Главная героиня «Ведьминой болезни» — больная ведьма, она сидит в своей избушке и горюет, что разучилась колдовать.

«Вивека в каменном доме». Вивека, оказывается, старая женщина, она просыпается в огромном доме и сама не помнит, как туда попала.

Помедлив, Ян сует книги в свой рюкзак.

Через час появилась Мария-Луиза.

— Привет, Ян! — На ней шерстяная шапочка и шарф. Щеки горят. — Пришлось доставать зимние наряды. После захода солнца холодище — просто ужас!

Она прошла в комнату для сотрудников, без промедления достала из рюкзака вязанье и книжку под названием «Развивай свои творческие способности». Весело кивнула Яну и улыбнулась:

— Как ты понял, я тебя меняю. Можешь идти домой — и на боковую.

Покопавшись в рюкзаке, Мария-Луиза извлекает черный наглазник. Ян удивился:

— Ты собираешься спать?

— Еще как! — быстро отвечает она и опять улыбается. — Конечно! На ночном дежурстве можно спать. Только затычки в уши не вставлять, чтобы не проспать, если что…

Ян пытается сообразить, что значит это «если что», но она его опережает:

— Дети просыпаются иногда… страшный сон или что-то в этом роде. Приходится утешать. Вот и все. Но это бывает не часто.

— О’кей… а когда они просыпаются?

— Кто как. Есть настоящие сони… я встаю в полседьмого и бужу их в семь. Кормлю завтраком, и на этом ночной смене конец.

Ян прощается и уходит. Мария-Луиза мирно дирижирует спицами, дети спят. Санкта-Патриция похожа на гигантский темный ангар за бетонной стеной.

Он отводит взгляд от стены и останавливается как вкопанный — прямо перед ним стоит человек. Темная фигура, и плащ черный или очень темный. Стоит под дубом у сточной канавы и не шевелится. В слабом свете фонарей лицо его выглядит, как размытое светлое пятно. Как рисунок из «Зверомастера».

Они стоят не двигаясь и смотрят друг на друга — Ян и ночной прохожий. Наконец незнакомец поднимает руку, и Ян различает тонкую веревку.

Собачий поводок.

А вот и собака — из-за мощного ствола старого дуба появляется белый пудель. Хозяин наклоняется и тщательно собирает в мешочек вклад своего любимца в окружающую среду. Потом кивает Яну, и они уходят. Примерный хозяин и симпатичный пудель.

Ян выдыхает.

Что это со мной? Здесь-то точно нет никаких психически больных преступников. Одни собачники.

Автобусы в центр уже не ходят, но ночной воздух так свеж, что он с удовольствием шагает по посадкам.

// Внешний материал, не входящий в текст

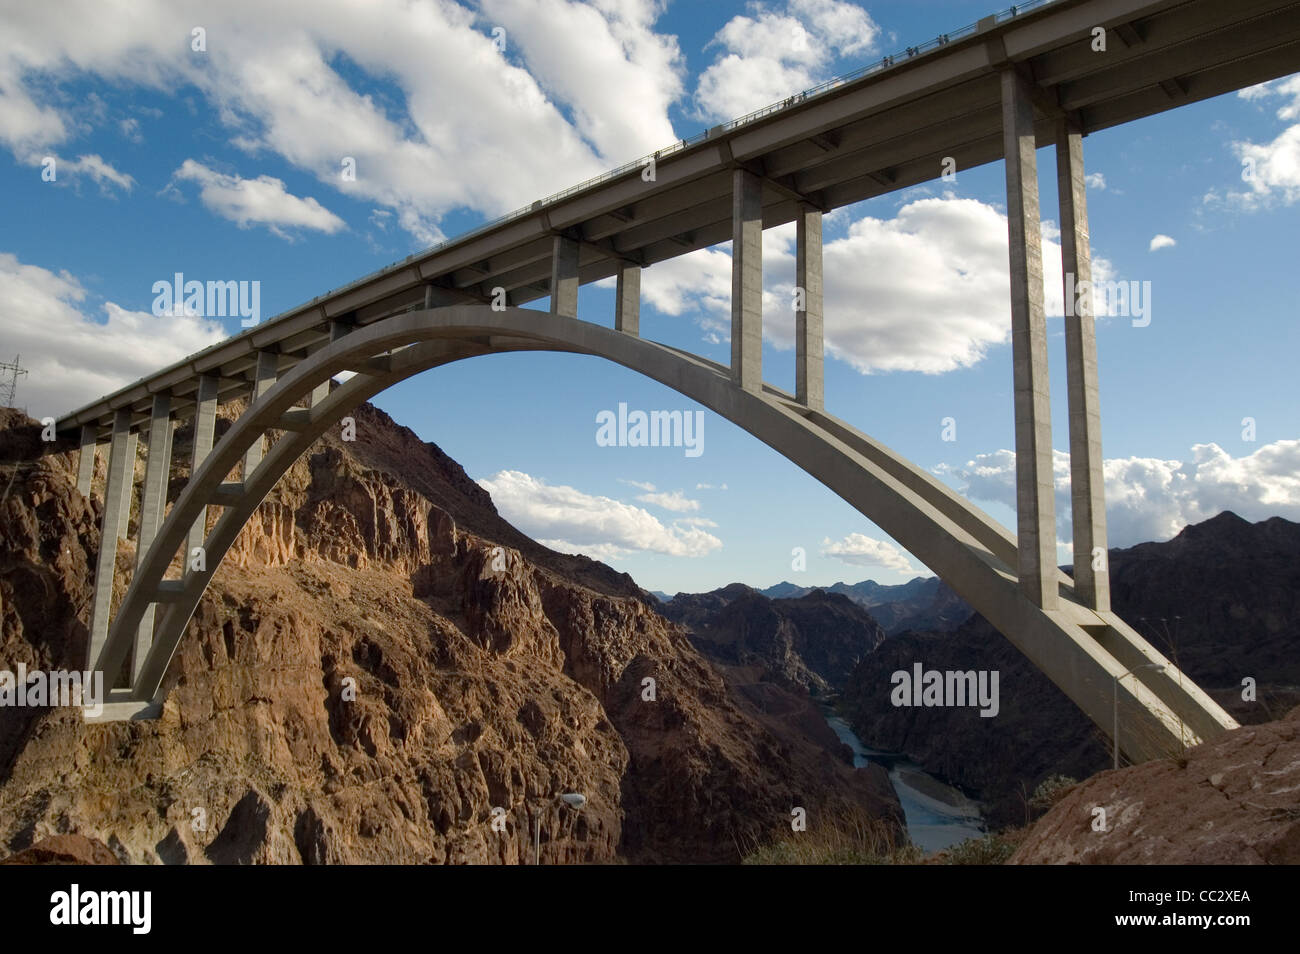 Puente maldito Hoover de Nevada, EE.UU.. Un buen ejemplo de puente de la ingeniería y la arquitectura. Adoptado el 8 de noviembre de 2010. Foto de stock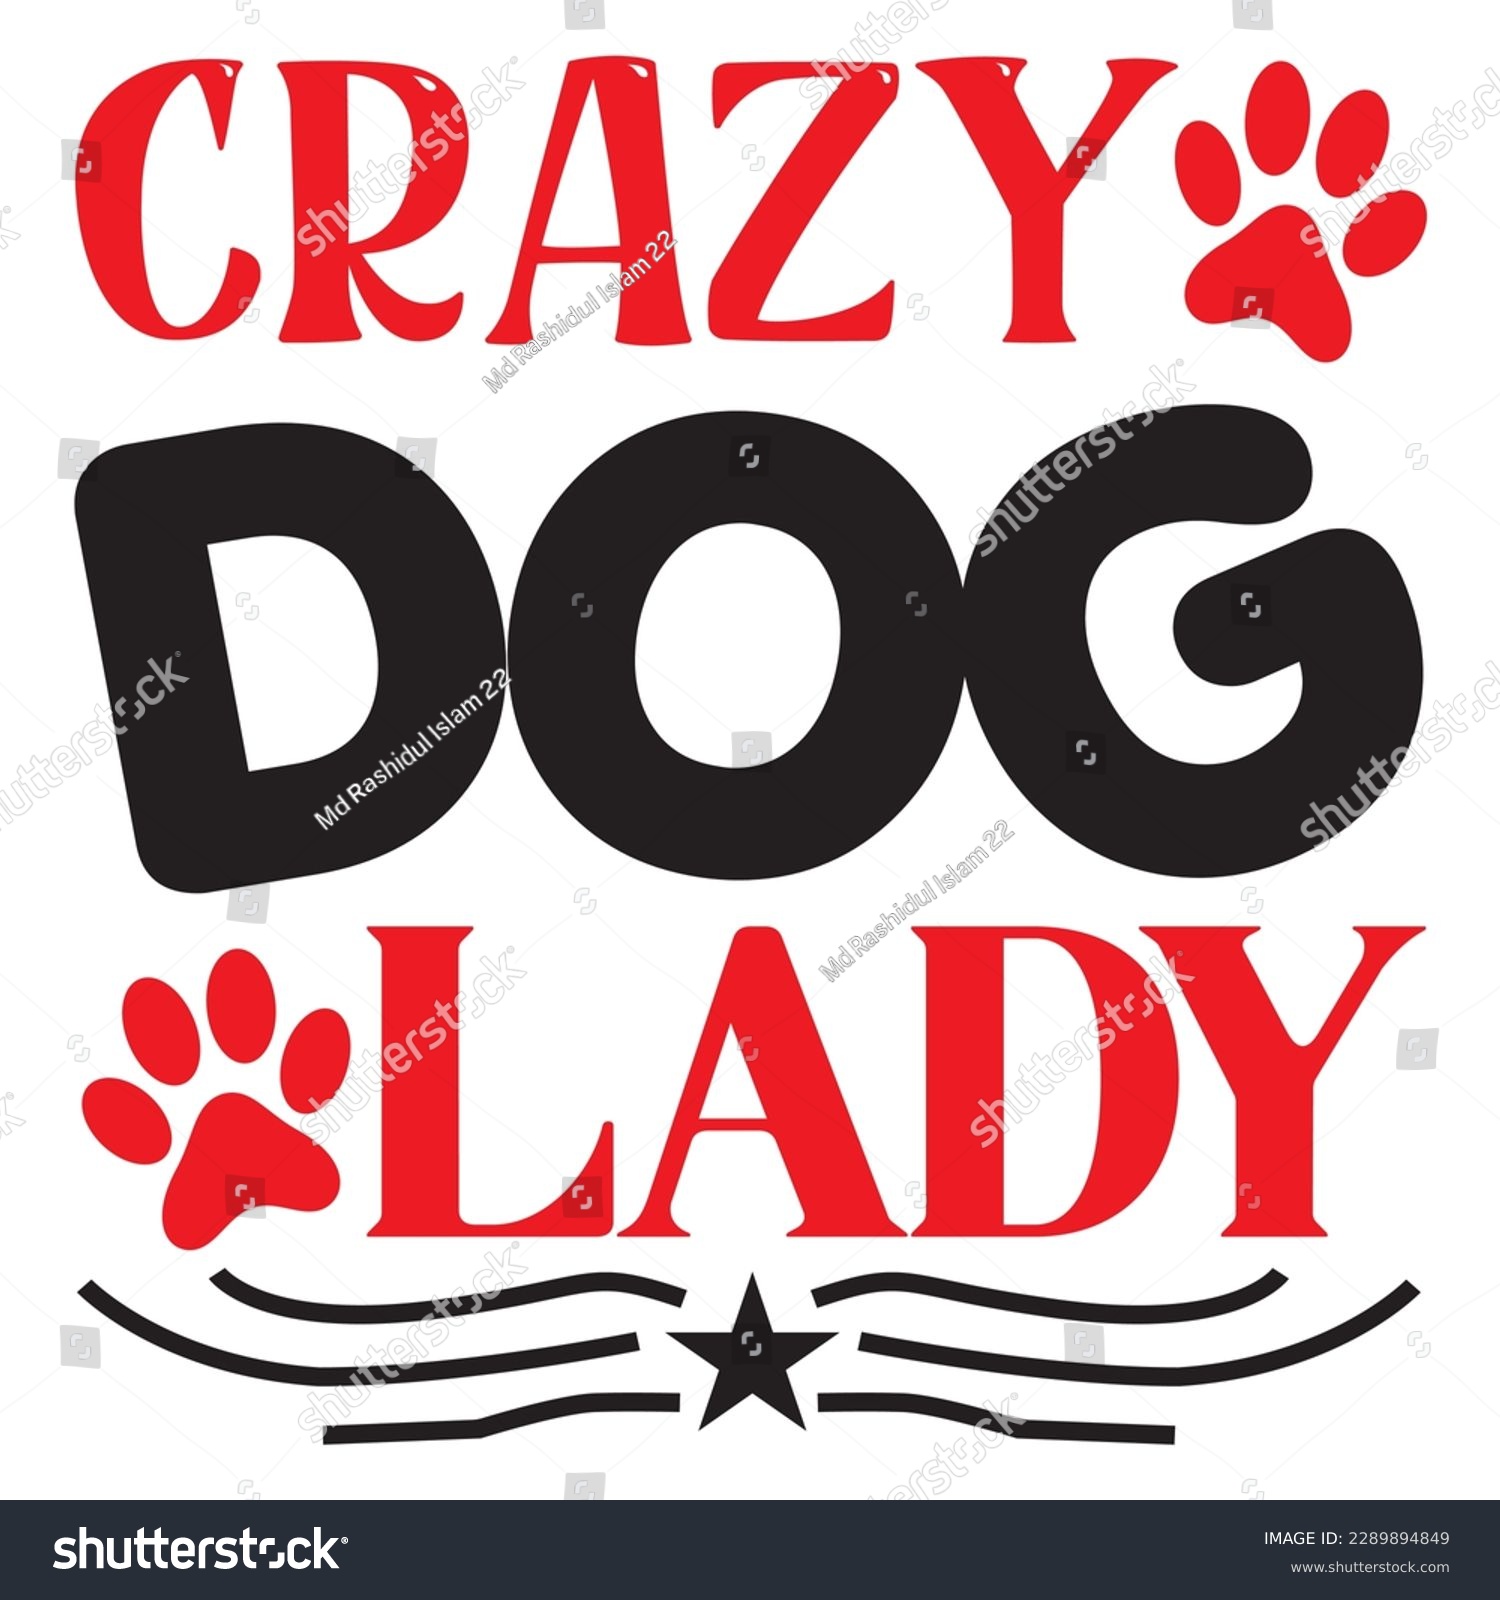 SVG of Crazy Dog Lady SVG Design Vector File. svg

Всего-то четверть часа ходьбы.

В доме почти все окна темные.

Мой дом, думает он, мысленно пытаясь придать этому определению утвердительную интонацию, но получается плохо. Еще долго не получится.

Двумя этажами ниже его квартиры на балконе стоит мужчина и попыхивает трубкой. Это тот самый седой бородач с мешком из прачечной Санкта-Психо. Он посасывает трубку, выпускает густое облако белого дыма и, судя по всему, Яна не замечает. Погружен в свои мысли.

— Добрый вечер.

Бородач кивает, закашливается и кивает еще раз:

— А то!

И все. Странно.

Ян входит в подъезд, останавливается на втором этаже. «В. ЛЕГЕН», — гласит надпись на табличке. Ну что ж, по крайней мере, имя трубокура теперь известно.

Он поднимается к себе, оставляет в холле рюкзак с книгами, надевает пиджак и выходит на площадку.

К «Биллу». Ненадолго. Так, глядишь, и станет понемногу постоянным клиентом. Еще никогда и нигде он не был постоянным клиентом.

14

— За нас! — Лилиан поднимает кружку.

— За нас! — повторяет Ян тихо.

— Выпьем, — еще тише откликается Ханна.

Лилиан одним глотком опустошила полкружки.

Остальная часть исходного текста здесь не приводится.